## Available data:
------------------------------------

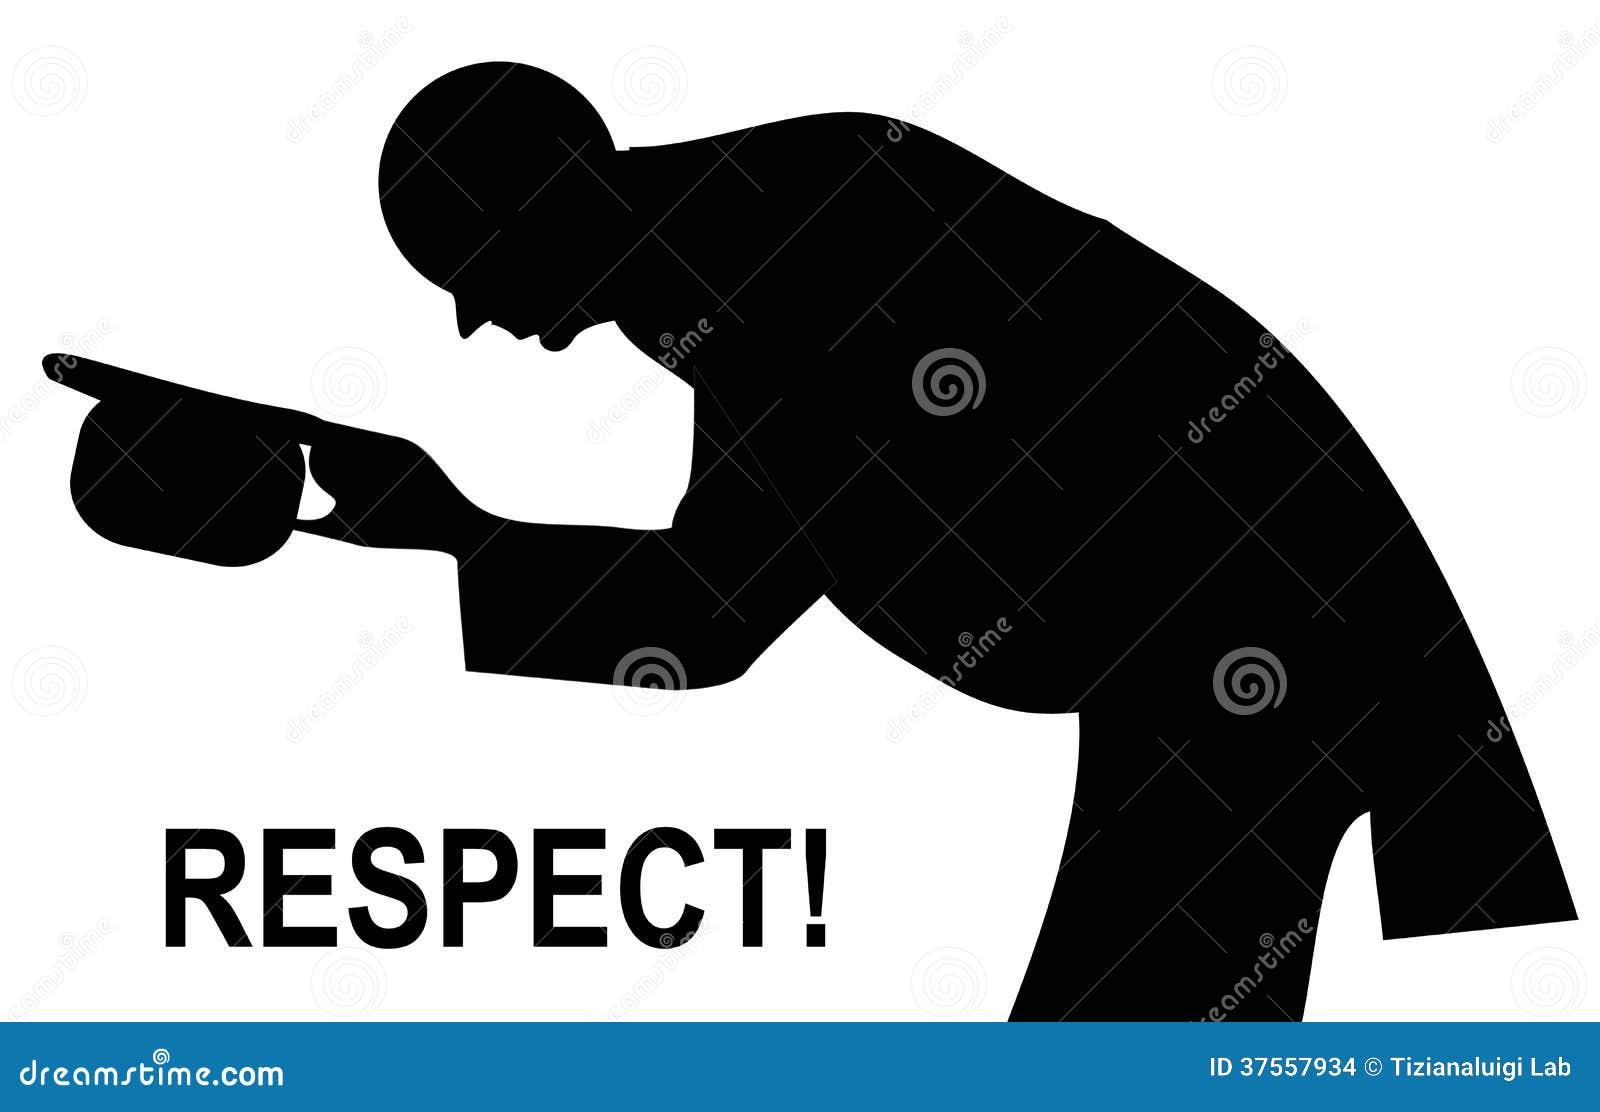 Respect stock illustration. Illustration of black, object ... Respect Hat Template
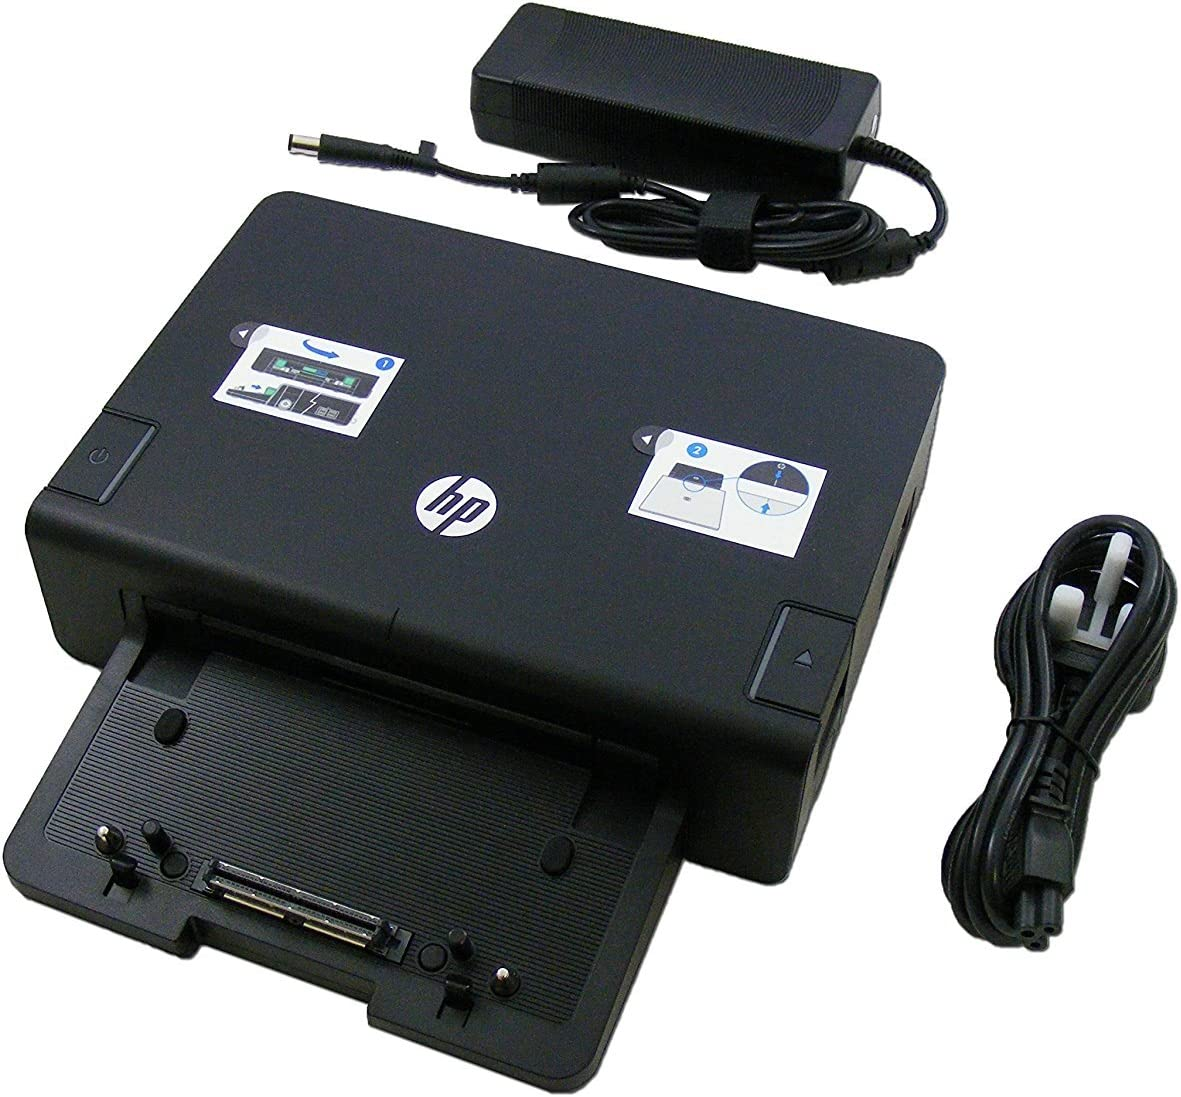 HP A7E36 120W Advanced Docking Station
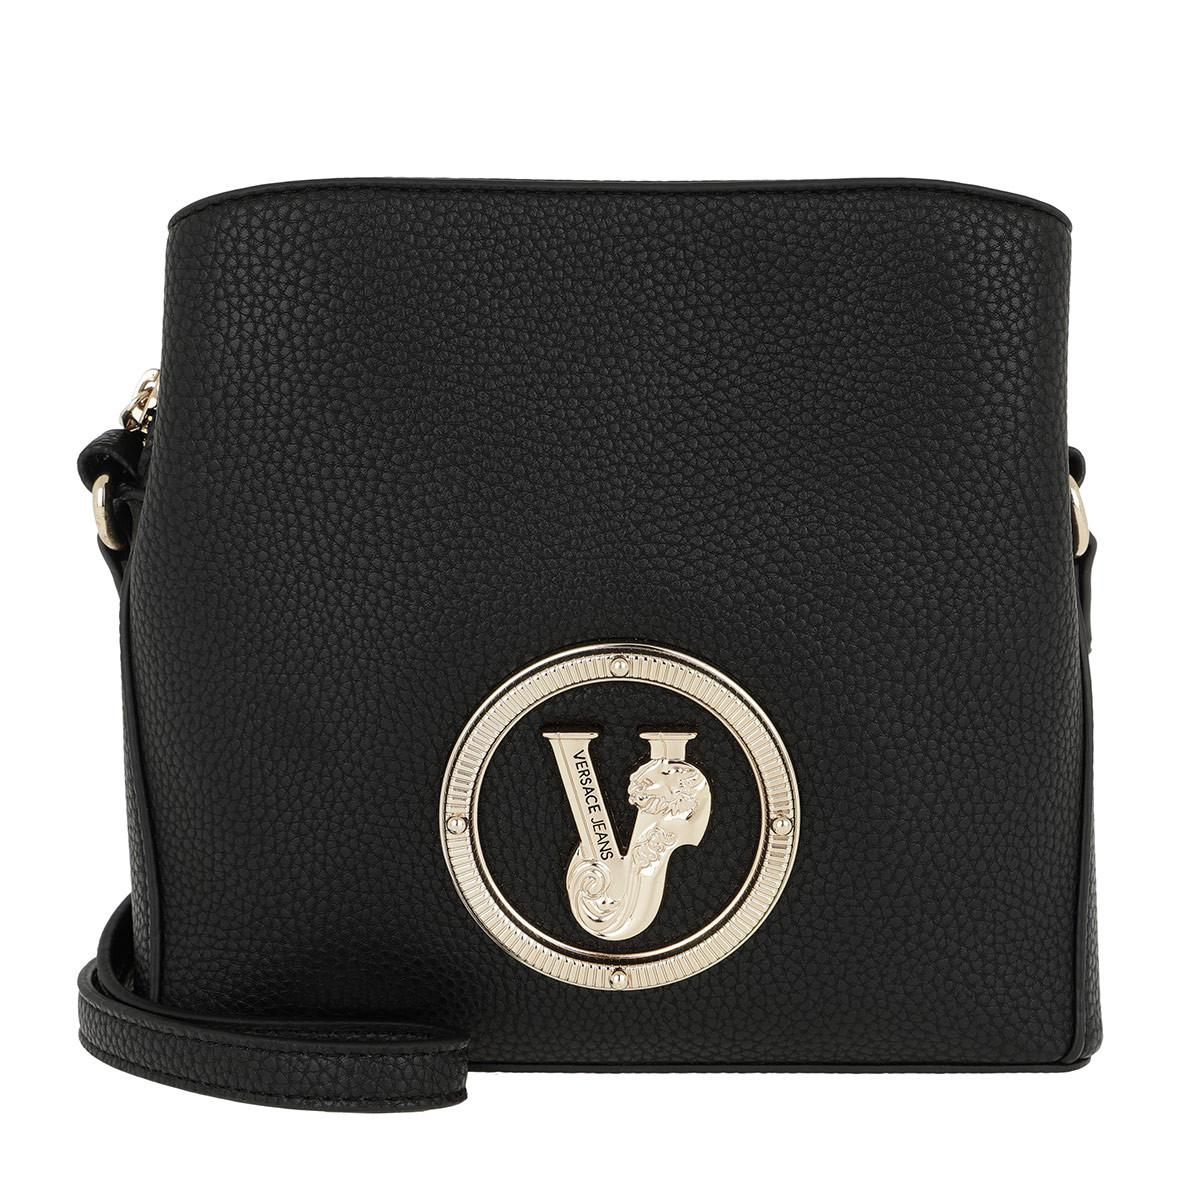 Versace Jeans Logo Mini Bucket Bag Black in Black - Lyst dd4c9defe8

------------------------------------

## Task to carry out:
Output the data above exactly. Drop every picture.

## Written response:
 Respect stock illustration. Illustration of black, object ... Respect Hat Template
 HP A7E36 120W Advanced Docking Station
 Versace Jeans Logo Mini Bucket Bag Black in Black - Lyst dd4c9defe8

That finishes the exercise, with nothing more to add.